Description

The Department of National Defence (DND) wishes to connect several northern outposts by a wireless network. Two different communication technologies are to be used in establishing the network: every outpost will have a radio transceiver and some outposts will in addition have a satellite channel. 
Any two outposts with a satellite channel can communicate via the satellite, regardless of their location. Otherwise, two outposts can communicate by radio only if the distance between them does not exceed D, which depends of the power of the transceivers. Higher power yields higher D but costs more. Due to purchasing and maintenance considerations, the transceivers at the outposts must be identical; that is, the value of D is the same for every pair of outposts. 

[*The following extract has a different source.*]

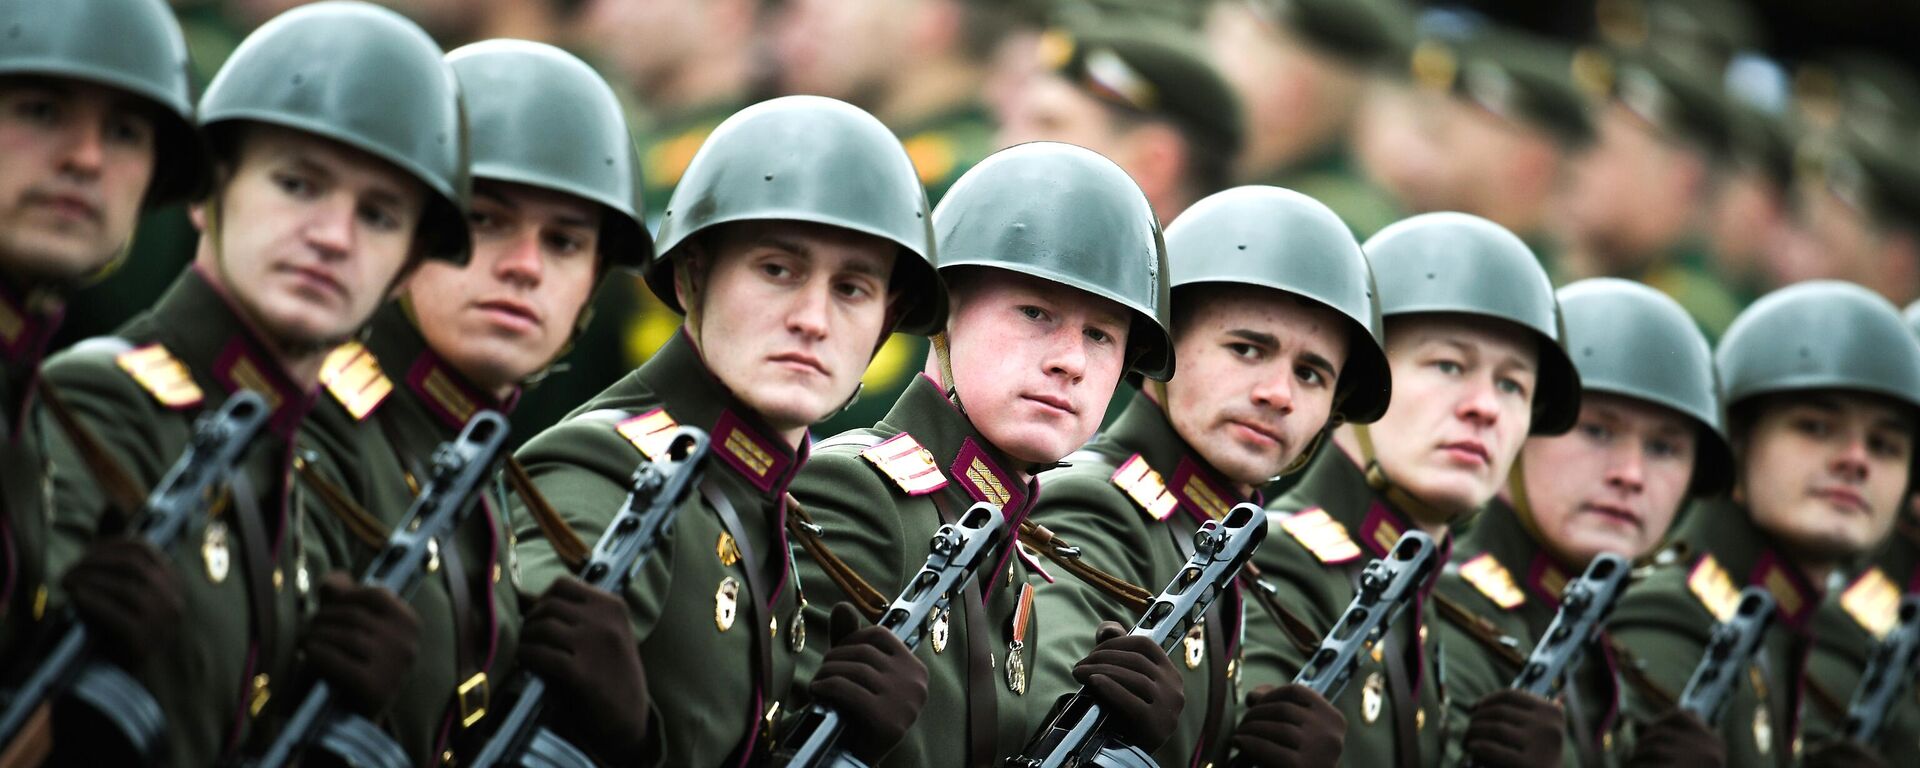 Военный парад в честь 76-й годовщины Победы - Sputnik Таджикистан, 1920, 12.05.2021

Your job is to determine the minimum D required for the transceivers. There must be at least one communication path (direct or indirect) between every pair of outposts.

Input

The first line of input contains N, the number of test cases. The first line of each test case contains 1 <= S <= 100, the number of satellite channels, and S < P <= 500, the number of outposts. P lines follow, giving the (x,y) coordinates of each outpost in km (coordinates are integers between 0 and 10,000).

Output

For each case, output should consist of a single line giving the minimum D required to connect the network. Output should be specified to 2 decimal points.

Sample Input

1
2 4
0 100
0 300
0 600
150 750

Sample Output

212.13

Source

Waterloo local 2002.09.28

有p個站點，兩種方式，一種通過衛星，任意兩個都能連，衛星用工S個，另一種通過無線電，每一個站點都有無線電，只能連距離不超過D的，現在讓你把所有聯通，問你最小的D是多少

思路，按從小到大排序，用克魯斯卡爾演算法生成最小生成樹，直到最後剩下S個分量，這時的距離就是要求的D，因為已經排好序了

#include<iostream>
#include<cstdio>
#include<cstring>
#include<algorithm>
#include<cmath>
using namespace std;
#define maxn 1010
#define maxm 5000005
struct point
{
    double x,y;
}p[maxn];
 int n,m;
struct edge
{
    int u,v;
    double dis;
    edge()
    {

    }
    edge(int u,int v,double d):u(u),v(v),dis(d){}
    bool operator<(const edge&rhs)const
    {
        return dis<rhs.dis;
    }
}edges[maxm];
int father[maxn];
int find(int x)

{
    if(father[x]!=x)
        father[x]=find(father[x]);
    return father[x];
}

double getdis(int i,int j)
{double x1=p[i].x;
double y1=p[i].y;
double x2=p[j].x;
double y2=p[j].y;
  return sqrt((x1-x2)*(x1-x2)+(y1-y2)*(y1-y2));

}
int main()
{
    int t;
    scanf("%d",&t);

    int cnt;
    while(t--)
    {
    cnt=0;
    scanf("%d%d",&m,&n);
    for(int i=0;i<=n;i++)
    father[i]=i;
        for(int i=0;i<n;i++)
            scanf("%lf%lf",&p[i].x,&p[i].y);

    int cnt=0;
    for(int i=0;i<n;i++)
        for(int j=i+1;j<n;j++)
        edges[cnt++]=edge(i,j,getdis(i,j));
    sort(edges,edges+cnt);
    int num=0;
    double d;
    for(int i=0;i<cnt;i++)
    {
        int x=edges[i].u;
        int y=edges[i].v;

        if(find(x)!=find(y))
        {
            father[find(x)]=find(y);

            if(++num>=n-m)
            {
                d=edges[i].dis;
                break;
            }

        }
    }
    printf("%0.2lf\n",d);


}
return 0;
}